In the corridors of Silicon Valley’s most secretive AI labs, a quiet revolution is unfolding. Headlines scream of stalled progress, insiders know something the market hasn’t caught up to yet: the $1 trillion bet on AI isn’t failing—it’s transforming.
The real story? AI’s most powerful players are secretly shifting away from purely brute-force scaling that defined the last decade. Instead, they’re pursuing a breakthrough approach that could continue to deliver.
The strategy of using scale by training ever larger models on greater training data, is yielding some diminishing returns. Here’s The Information
Some researchers at the [OpenAI] believe Orion, [the latest model], isn’t reliably better than its predecessor in handling certain tasks, according to the employees. Orion performs better at language tasks but may not outperform previous models at tasks such as coding.
Google’s upcoming iteration of its Gemini software is said to not meet internal expectations. Even Ilya Sutskever, OpenAI’s chief scientist, has remarked that scaling has plateaued
The 2010s were the age of scaling; now we’re back in the age of wonder and discovery once again.
If this is true, does this mean the trillon-dollar bet on bigger and bigger AI systems is coming off the rails?
The short answer is no.
Here is how to think about it.
Expectations are high, outlook confused
The leap from GPT-1 to GPT-2 was remarkable, and the step from GPT-2 to -3 was substantial. If you are working at one of the frontier labs, you are working to a timeline toward what they call artificial general intelligence that has collapsed. A decade ago, the median AI researcher thought AGI was decades away. Today, the bosses of the major labs believe there is a possibility of reaching AGI within a few years. For example, Sam Altman and Dario Amodei respectively tout 2025 and 2027 as the years when AGI will arrive.
The language of AGI, from the perspective of a frontier lab, is of a god-like technology. Solve it, and you solve everything else. That is a project with a huge reward. Such expectations coupled with industrial secrecy, incentives to continuously advertise progress and the limitations of the measures of progress (which we’ve discussed before) creates a lot of confusion. On the other hand, the media and AI critics may have their own reasons for wanting or predicting a slowdown — whether from legitimate concerns about AI’s rapid progress or a desire to see ambitious tech industry predictions fail.

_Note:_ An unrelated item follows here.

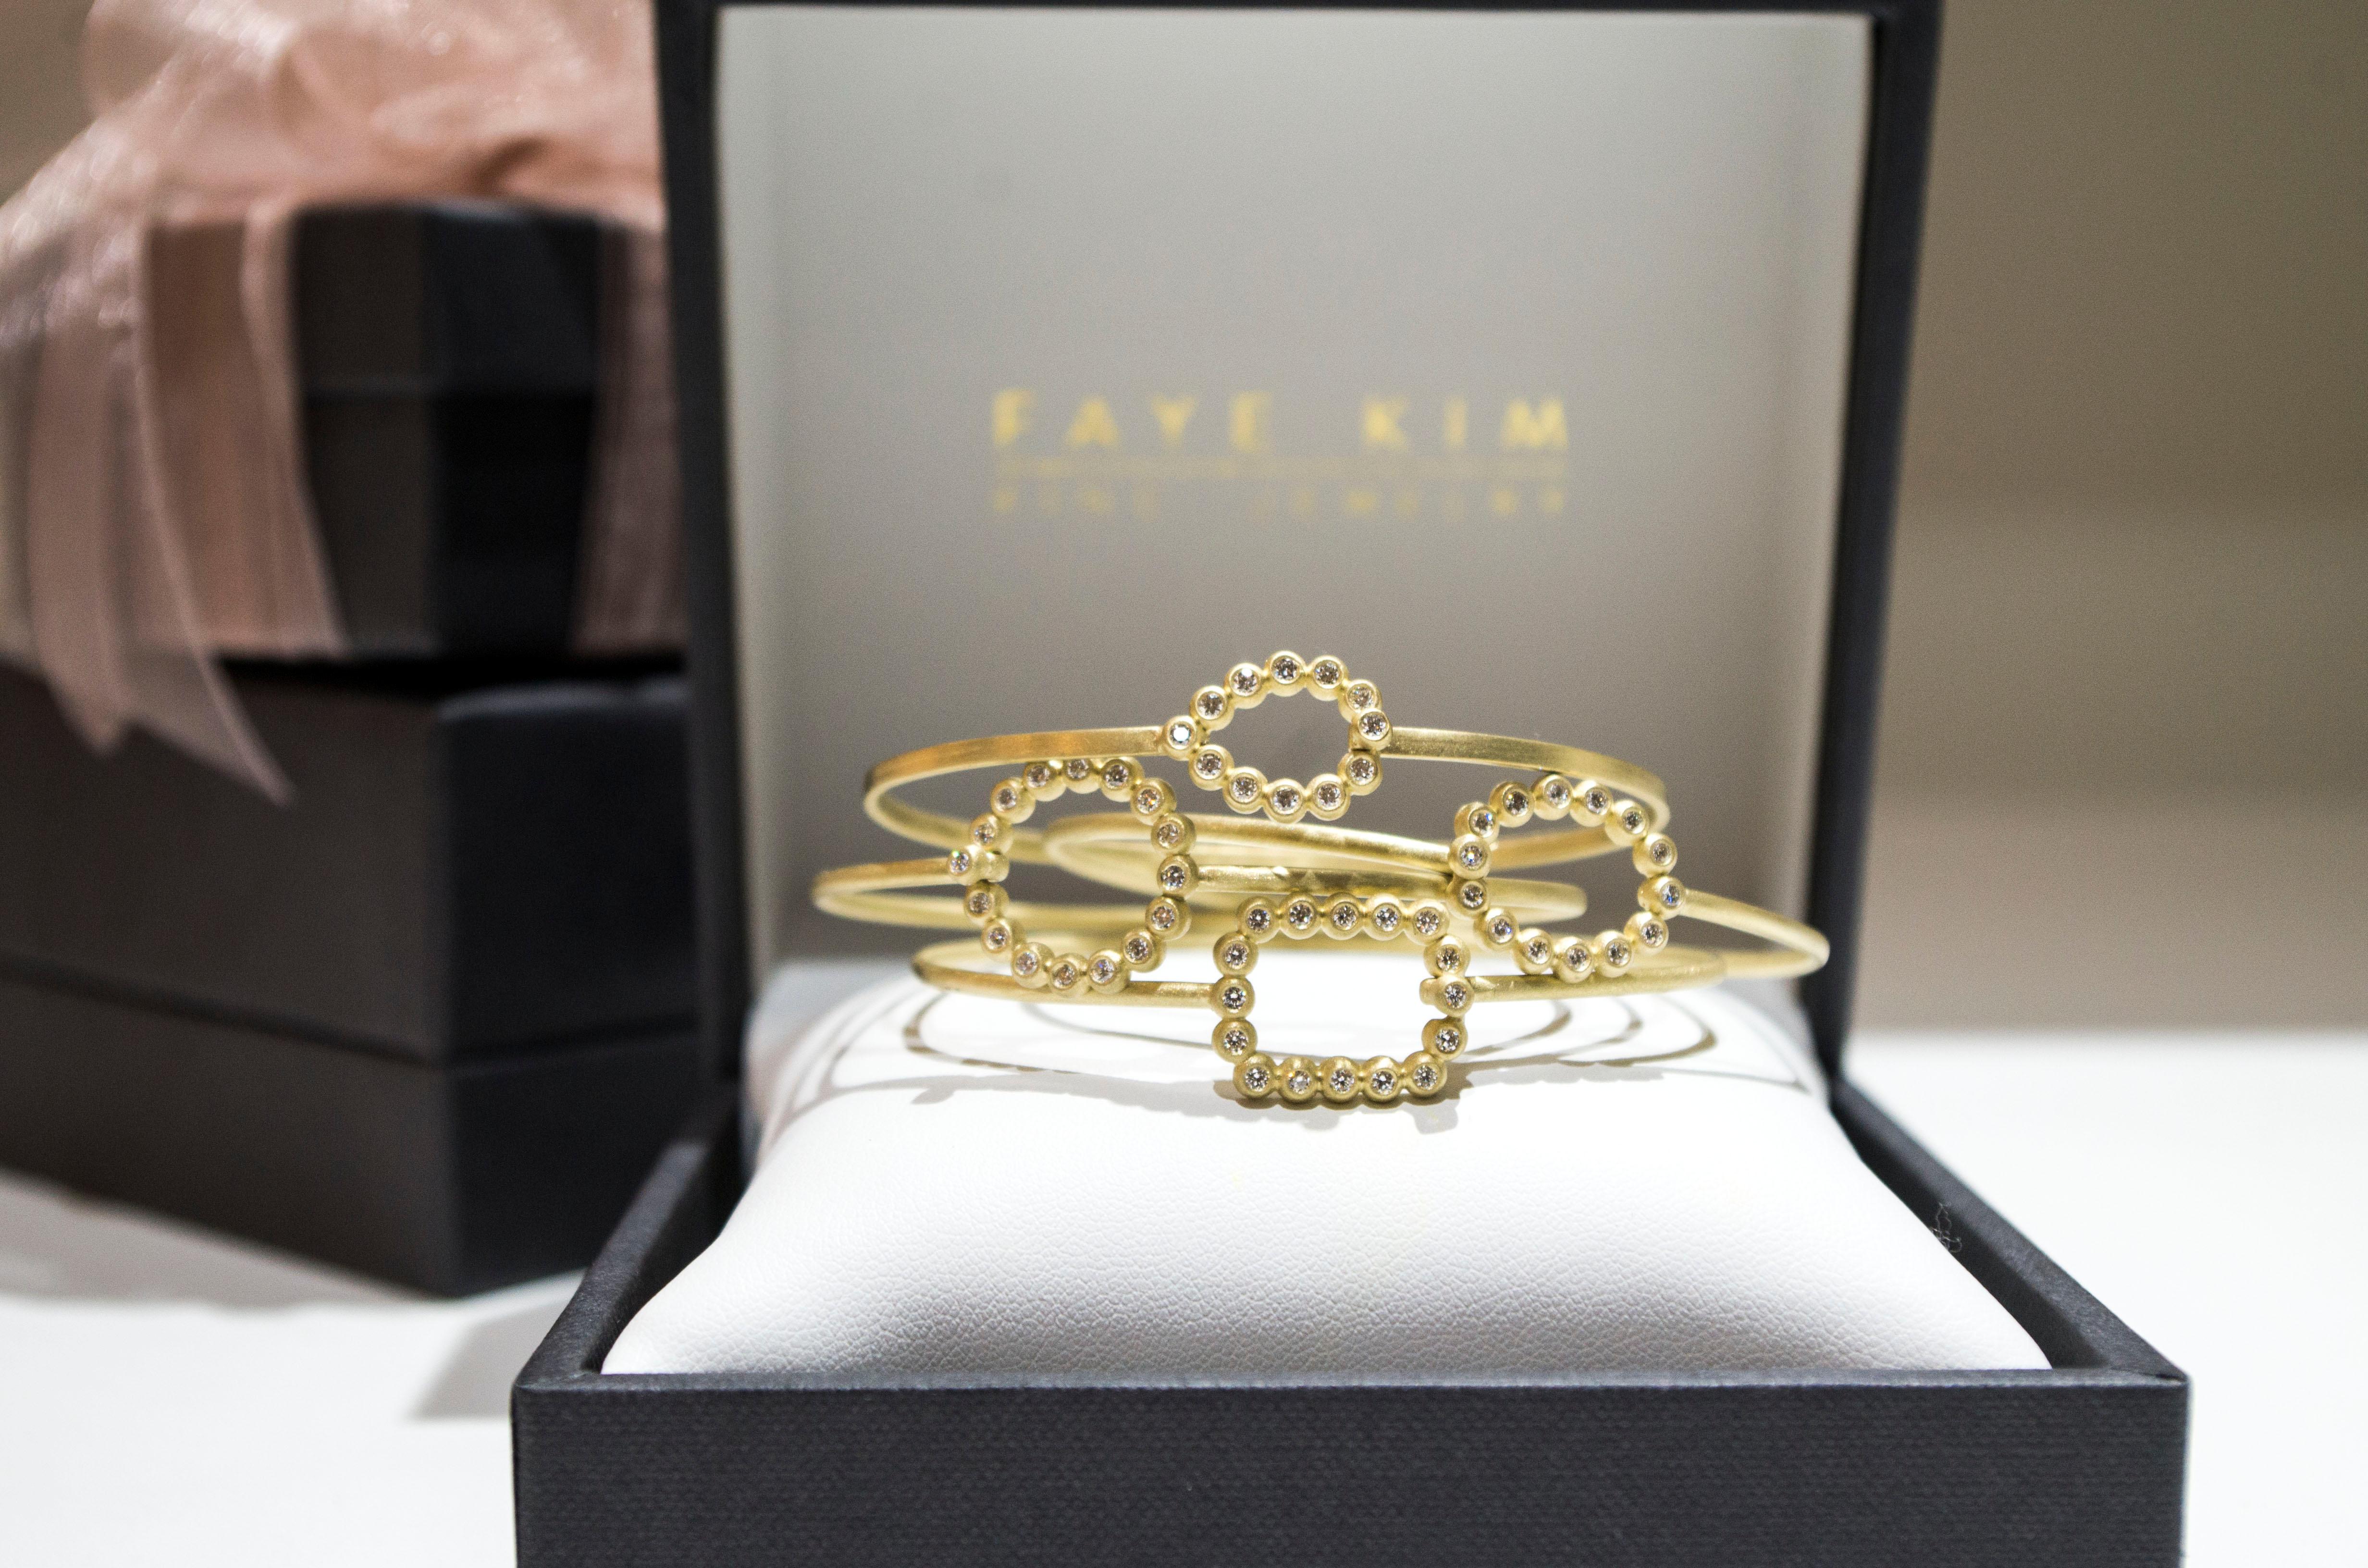 Women's Faye Kim 18 Karat Gold Bangle with Cushion Diamond Motif Closure For Sale

It’s certainly the case that existing large language models are so complicated they do behave unpredictably. As
points outresearchers who release the models aren’t unbiased scientists, so they don’t test on every single benchmark ever. They are more likely to choose benchmarks that show improvement in the announcement. But I’ve noticed online that private benchmarks often diverge from public ones…I think it’s likely that over the past year private benchmarks show more variable performance … compared to the public benchmarks everyone uses.

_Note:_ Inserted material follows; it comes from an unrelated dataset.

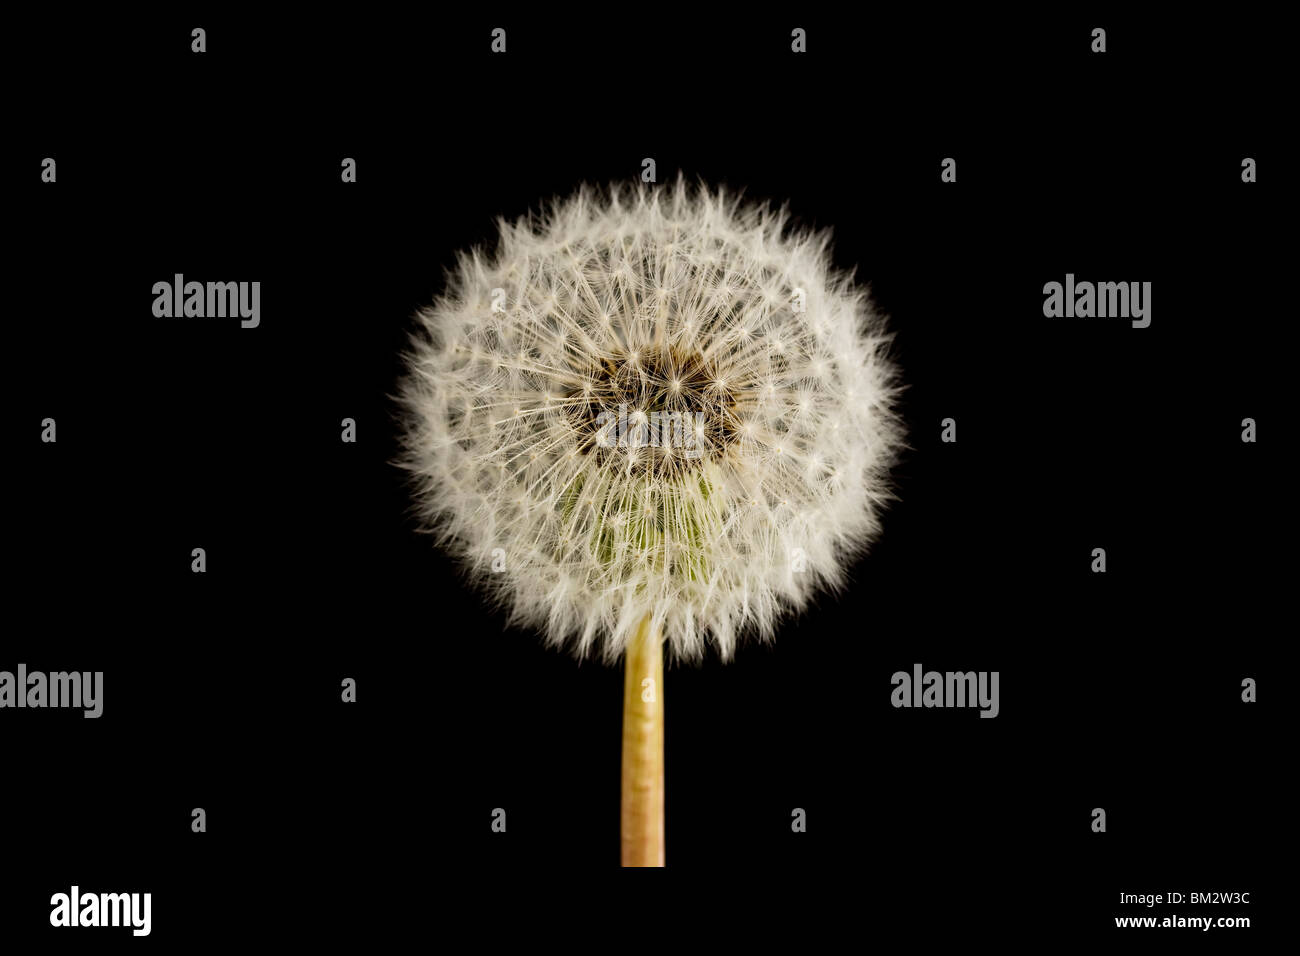 dandelion seed head clock on a black background Stock Photo

In many discussions with AI researchers in Silicon Valley last week, I heard the constant refrain that people building foundation models couldn’t get their hands on enough compute to explore fruitful avenues.
What is a hurdle for a frontier lab may be irrelevant for those of us using the technology over the next couple of years.
The new scaling
Technological progress rarely progresses monotonically, that is in a smooth trajectory. Instead, you tend to reach plateaus that require new strategies to navigate. When you are up-close these plateaus look significant, like the chart below.
As I pointed out in July, with a bit more historical distance, waves of innovation overlap and give us the smooth curve of increasing progress. Bumps are to be expected, and disappointing for roadmaps and market expectations if communicated poorly. But bumps force builders to come up with new approaches.
As Ilya Sutskever said two months ago:
Everyone just says scaling hypothesis. Everyone neglects to ask, what are we scaling?
We now have a clue what this new scaling could look like. Instead of funnelling all computational resources into training larger models, companies are now dedicating more compute power to the inference phase. This is the period when the model is actively being used. If you have used ChatGPTs o1 model this is the point after you ask your question where it works through your question step by step.
This approach gives models like GPT-4 o1 more “thinking time”. For example, it manages to create a chain of plausible events linking the disappearance of lizards to the US official language becoming Spanish (see here for full chat).
Rather than producing an answer in a single pass, the model reflects on various scenarios before determining the most plausible sequence of events. It generates and evaluates multiple solution attempts, critiques its own reasoning and synthesises improved solutions. This method has a scaling-law-type effect: the more compute allocated during inference, the better the performance.